After choosing the pivot, our next task is to place all the elements smaller than the pivot on one side and all the elements larger than the pivot on another side. We will do this by iterating over the array and on finding an element larger than the pivot, doing nothing. This will start making a cluster of elements larger than the pivot.

Now on finding any element smaller than the pivot, we will swap it with the first element of the cluster of the larger elements. In this way, we will start making another cluster of elements smaller than the pivot.

At last, we will swap the pivot with the first element of the cluster of the larger elements.

Thus, we have successfully done the partition of the array. So, let's write the code for the same.

### Code for Partition in Quicksort

As stated above, this partition is going to repeatedly occur on smaller subarrays after dividing the array into subarrays. So, the function for partition is going to take an array, a starting index and an ending index i.e., PARTITION(A, start, end).

The next task is to make the pivot element. In our case, it is the last element i.e., pivot = A[end].

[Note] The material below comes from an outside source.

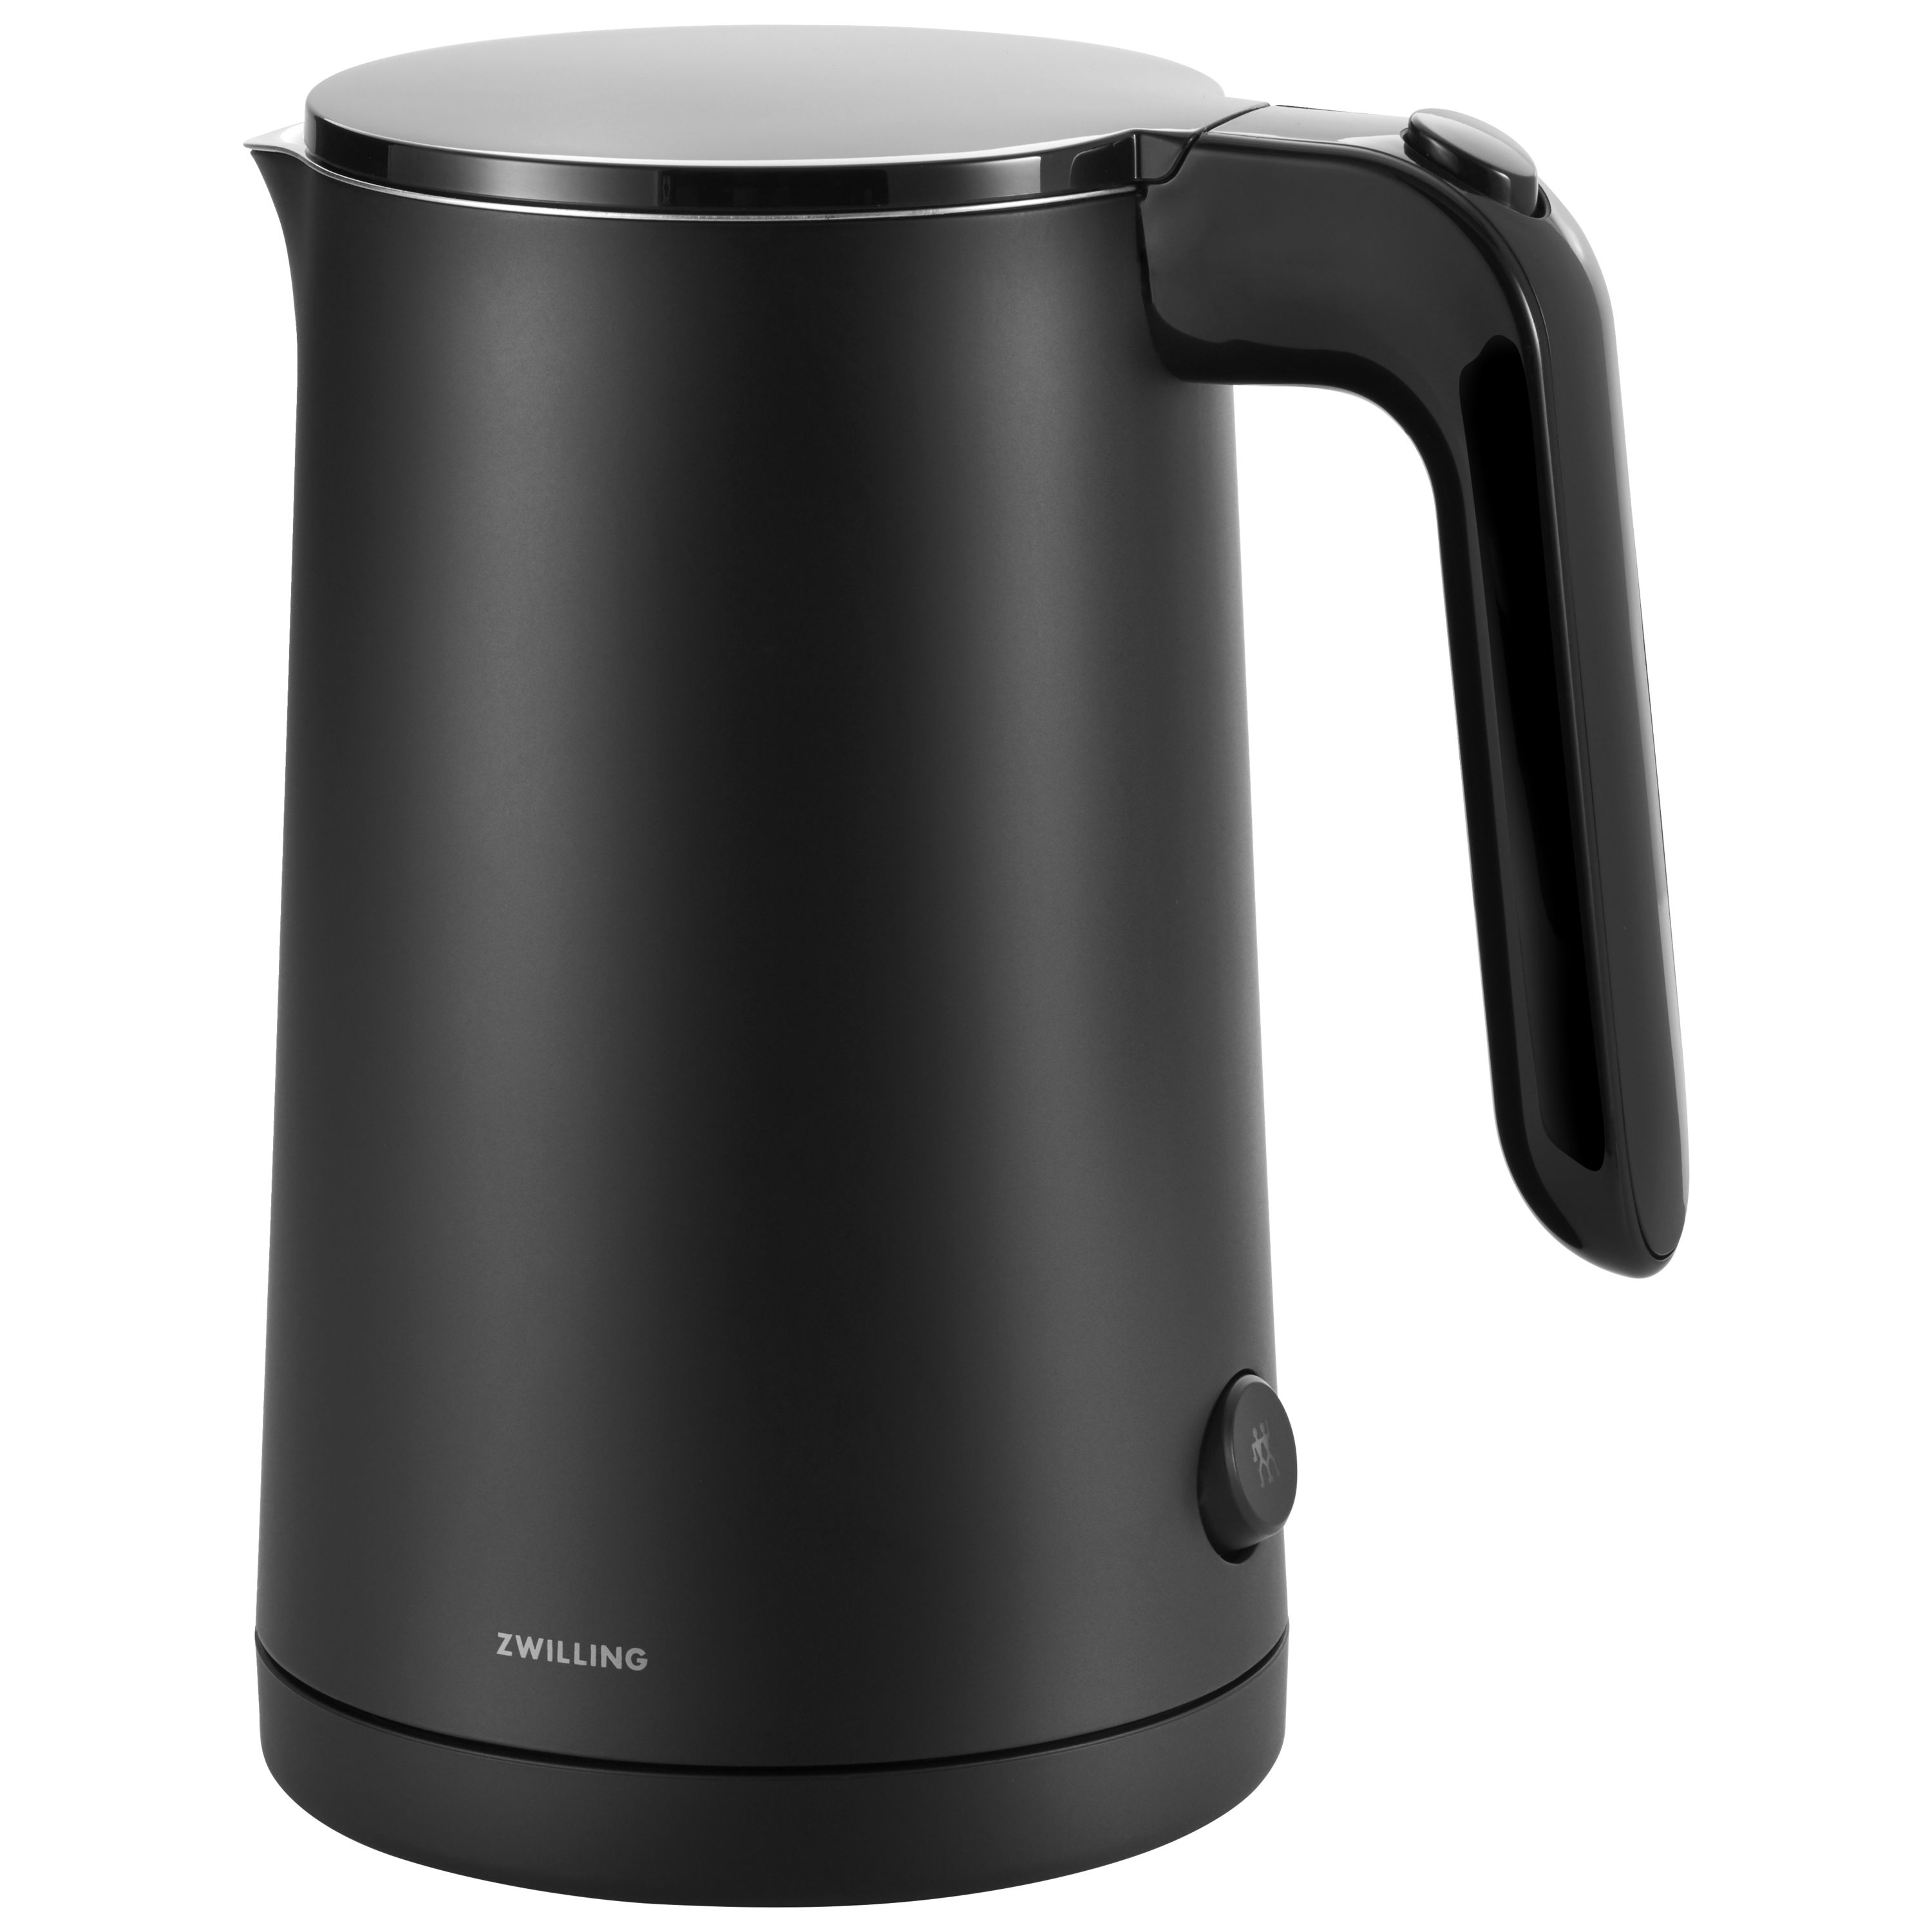 Bella Ceramic Electric Kettle Electric Kettle Review - Consumer Reports

After this, we have to iterate over the array and check if the element is smaller or larger than the pivot and then swap it with the first element of the cluster of the larger elements. So, we will use a variable to know the first element of the cluster of the larger elements.

Initially, we will start our iteration by setting this pointer outside our array i.e., i = start-1 and this pointer will always point to the last element of the cluster of the smaller elements.

Whenever we will have a need to swap the elements, we will increase its value to point the first element of the cluster of the larger elements.

i = start-1
for j in start to end-1
  if A[j] <= pivot

Now, if the condition is true i.e., the element is smaller than the pivot, then we have to swap it with the first element of the cluster of the larger elements. So, we will increase the value of 'i' by 1 and then do the swapping.

for j in start to end-1
  if A[j] <= pivot
    i = i+1
    swap(A[i], A[j])

Thus, we are done with making the clusters and the only task left is to swap the pivot with the first element of the cluster of the larger elements.

for j in start to end-1
  if A[j] <= pivot
    ...
  swap(A[i+1], A[end]) // swapping pivot

One last thing we want from our PARTITION function is to return the index of the pivot, so we can then use this index to divide our array further into subarrays.

for j in start to end-1
  ...
  swap(A[i+1], A[end]) // swapping pivot
return i+1

That's it. We are done with the code to partition an array.

PARTITION(A, start, end)
pivot = A[end]
i = start-1

for j in start to end-1
if A[j] <= pivot
i = i+1
swap(A[i], A[j])
swap(A[i+1], A[end]) //swapping pivot
return i+1


Now we are done with the PARTITION function, so let's focus on repeating it to subarrays.

## Code for Quicksort

From the previous two chapters, we already have been applying divide and conquer to break the array into subarrays but we were using the middle element to do so. In quicksort, we will use the index returned by the PARTITION function to do this.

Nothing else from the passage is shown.